14-го июля 1919 г. добровольцы заняли г. Валки, Харьковской губ. Начали они с того, что взяли в качестве заложников от еврейского населения 12 евреев… Заложники эти были взяты, как гарантия за то, что большевики не расстреляют взятых ими с собой при отступлении русских заложников. С самого начала конструированы были, таким образом: 1. Некая связь между действиями большевиков и судьбой арестованных евреев; 2. Ответственность евреев за действия большевиков.

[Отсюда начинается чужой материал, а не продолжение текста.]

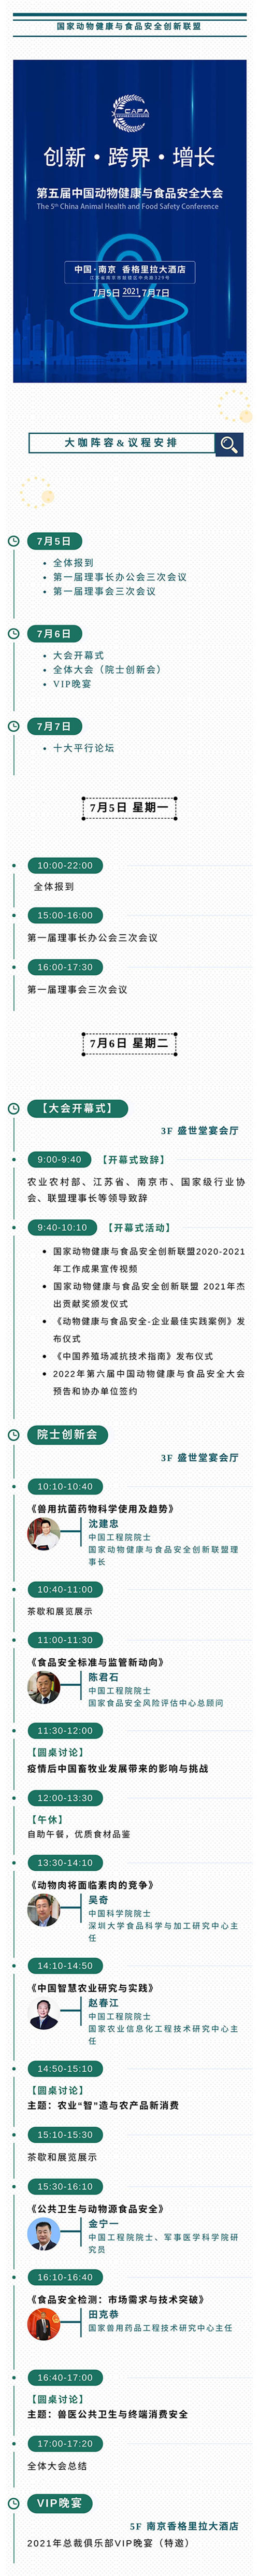 六位院士领衔千人大会！第五届中国动物健康与食品安全大会日程安排&大咖阵容重磅发布

Это совершенно не скрывалось добровольческими властями. Арест заложников евреев производился исключительно по национальному признаку. Счастливо избежавший зачисления в заложники, содержатель аптеки в Валках JI. М. Кауфман рассказывает: «Арест мой произошел следующим образом: перед вечером ко мне явился адъютант коменданта и обратился ко мне с вопросом: «Вы какой национальности?» Я ответил. Тогда он сказал: «Пожалуйте за мной». Я пошел к коменданту и там был арестован». Дочери взятого заложником 65-летнего Овсея Гальперина добровольческий комендант так и заявил, что обвинения ее отцу никакого не предъявлено: «единственное обвинение это то, что он еврей, а так как большевики взяли у нас заложников и не выпускают их, — то мы взяли ваших». Среди арестованных пятеро работали на огороде кооперативного товарищества вегетарианцев, где работали также и русские. Представитель кооператива Григорий Хвостатый обратился к производившему арест офицеру Баркову. Тот заявил, что добровольческая власть «ничего не имеет к группе огородников, но имеет к национальности»…
С еврейского погрома начали добровольческие части и в Балашеве, впервые занятом добровольцами 1-го июля 1919 года. Казаки, входя в город, «первым делом осведомлялись: «где проживают евреи?». Уличные мальчики им это указывали, и начиналась зверская расправа». Командный состав этой расправе не препятствовал и сам, в свою очередь, начал свою «еврейскую политику» с того, что арестовал всех евреев города в числе 65 человек (целыми семьями). Когда привели первую партию арестованных, ротный командир обратился к ним со следующими словами: «Ваши братья-евреи пролили на Дону кровь наших братьев, теперь вы за них поплатитесь. Вперед к мосту!» ... «Это было, — сообщают уполномоченные «ОЗЕ» (Общества охранения здоровья еврейского населения) — место пытки и казни. Младший командный состав лично участвовал в погроме. Среди банд громил и убийц были также урядники. Число убитых точно не установлено... Спасшиеся вернулись избитыми, окровавленными и раздетыми почти донага или в одном нижнем белье». Все они были заключены в тюрьму, где над ними жестоко издевались. Когда же добровольцы вынуждены были, под давлением большевиков, временно оставить Балашев, часть арестованных, заболевшая сыпным тифом, была оставлена в Балашеве и, по сообщению военной власти, расстреляна; остальные эвакуированы были в ст. Урюпинскую, комендантом которой состоял есаул Отдельного Донского Казачьего Корпуса Марков. Здесь арестованных евреев содержали в грязной тюрьме, заставляя, под улюлюканье толпы, чистить помойные ямы.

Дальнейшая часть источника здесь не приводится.